Partner shift

Commercially speaking, the meanings of partner are manifold. Tim Marshall cites two recent cases that indicate clearly the need for pen-and-ink clarity from the outset

There are advantages and disadvantages to adopting a partnership structure for a business. Being a partnership, the business owners ­necessarily share the profits, the liabilities and the decision-making, which can be a huge advantage, especially where partners have different skills and can work well together. A partnership is generally easier to form, manage and run.

Partnerships are regulated less strictly than companies, both in terms of the laws governing their formation and because ­partners have the only say in the way the business is run, without interference by shareholders. They are also far more flexible in terms of management, so long as all the partners can agree.

The main drawback of partnerships is unlimited liability, whereby each of the ­partners shares the liability and financial risks of the business. This can be countered by the formation of an LLP, which benefits from the advantages of the limited liability granted to limited companies while taking advantage of the flexibility of the partnership model.

If a partnership model is adopted, there will often be partners and employees ­carrying on the business. The term ­’partner’ can denote a variety of positions. Someone described as a partner may be a salaried partner, a fixed-share partner, an equity partner, an LLP member or in fact an employee. The name given to a relationship does not in itself determine its status.

However, establishing whether someone described as a partner is an employee or a true partner is important for a number of reasons. It is necessary to determine the individual’s rights and duties, as employees benefit from statutory employment ­protection, including unfair dismissal rights. True partners owe the more onerous duty of good faith, while employees are subject to the lesser implied obligation of mutual trust and confidence.

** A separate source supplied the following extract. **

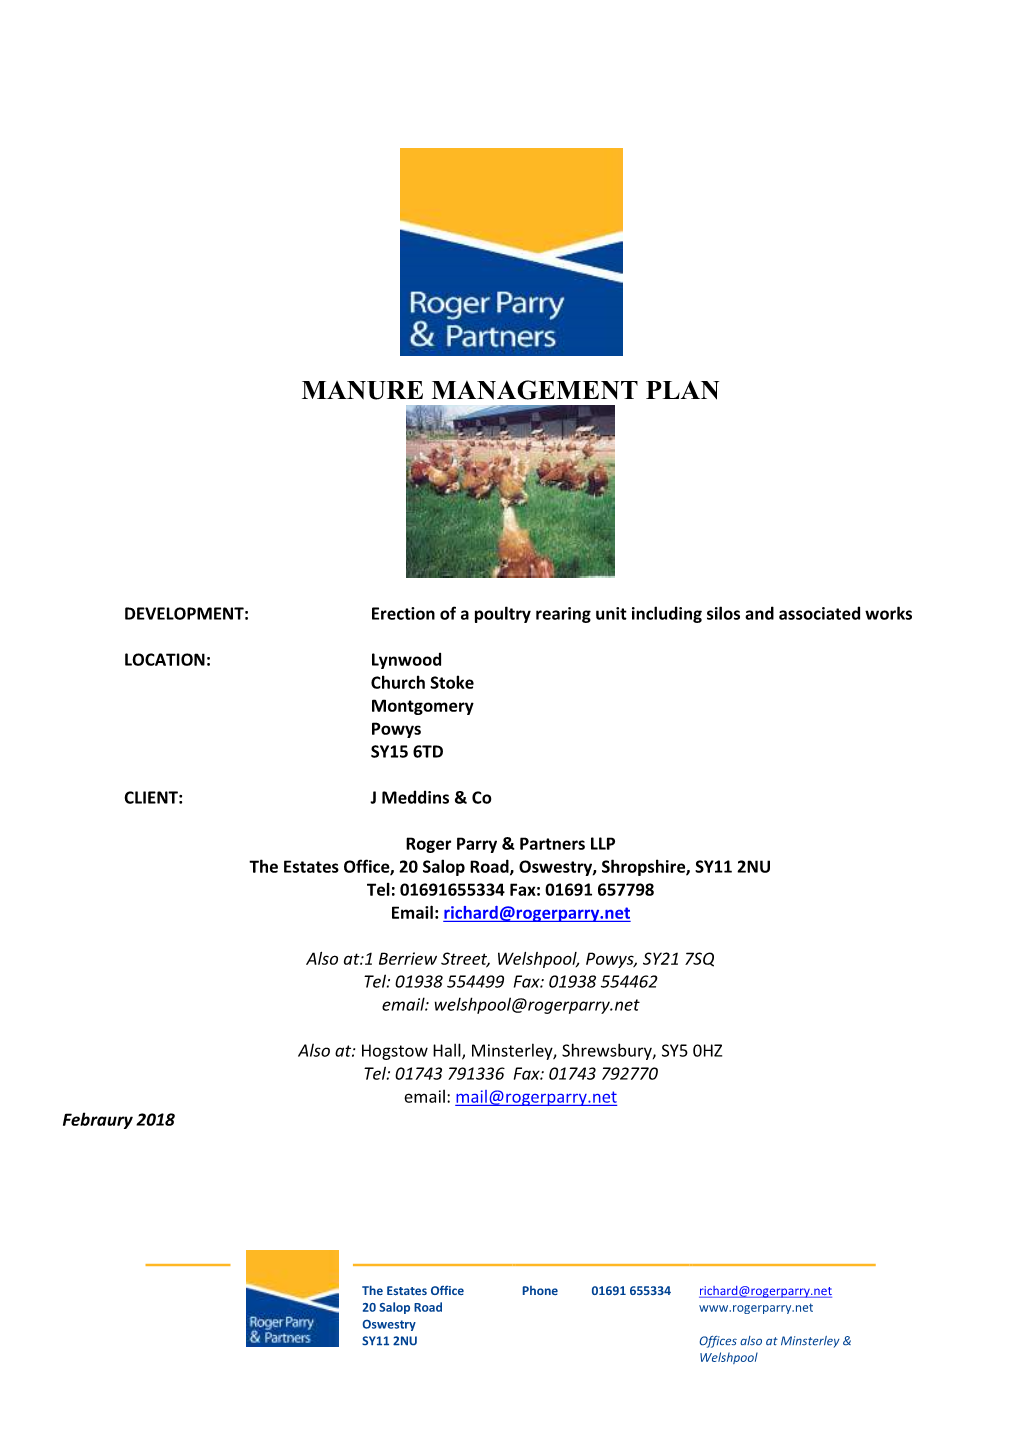 Manure Management Plan

The status of an individual will also affect the tax treatment of remuneration and any exit package.

There’s a limit

Legislation governing partnerships ­provides limited assistance in determining status. Section 4(4) of the Limited Liability ­Partnership Act 2000 (LLPA) states: “A member of a limited liability partnership shall not be regarded for any purpose as employed by the limited liability partnership unless, if he and the other members were partners in a partnership, he would be regarded for that purpose as employed by the partnership.”

In other words, an individual has to fall within the definition of a partner under the act to be regarded as a self-employed ­member under the LLPA. Section 1 defines partnership as “the relation which subsists between persons carrying on a business in common with a view of profit”.
Case law suggests that a variety of factors need to be considered. The factors that will tend to point to partnership status include the entitlement to a share of residual ­profit, a requirement to contribute equally to any losses the business sustains and an ­obligation to contribute a sum of capital to the business.

Partners also usually have the right (although not necessarily the exercise of the right) to participate in the governance and administrative processes of the firm; and the right to have access to, inspect and copy any of the partnership books. They also have the right to be authorised signatories for the business, for example when dealing with the bank account, as well as the right to hire and fire employees.

Normally partners also have accession to the partnership agreement or deed and the right to veto the introduction of new ­partners. Unless confirmed otherwise in the agreement, a new partner can only join the business with the consent of all existing members.

Contradictions in terms

On dissolution of the partnership partners have the entitlement to a proportion of the profit, regardless of the amount, and they get different treatment from employees in relation to hours, holiday, sickness absence and disciplinary issues.

None of these factors are determinative, but the presence of one or more will tend to suggest partnership status. However, ­applying these factors to particular ­situations can be difficult, and two recent cases have resulted in what appear to be conflicting decisions.

In Tiffin v Lester Aldridge LLP (2010) the Employment Appeal Tribunal held that a fixed-share member of an LLP who enjoyed limited voting rights and profits was a ­member, not an employee. The fact that their share of profit and their decision-­making powers were limited did not point away from them being a member.

However, in Williamson & Soden ­Solicitors v Briars (2011), a solicitor who was entitled to a profit share was held to be an employee.

The partnership and Mr Williamson entered into an arrangement whereby, instead of him being paid a salary of £55,000 per year, he would be paid a ­guaranteed ­profit share of £55,000 ­together with an 18th of the net profit of the firm – potentially a further £10,000. But the ­benefits of the existing contract were to ­continue as before: he had no risk of losses and no capital stake in the firm, was required to meet targets and was not ­consulted about significant events such as an impending audit by the SRA.

These cases show that, if the intention is that an individual should be a partner, the starting point should be a clear partnership or membership agreement.

This will not only help to determine the nature of the relationship, but also to ­regulate rights and duties between the ­partners.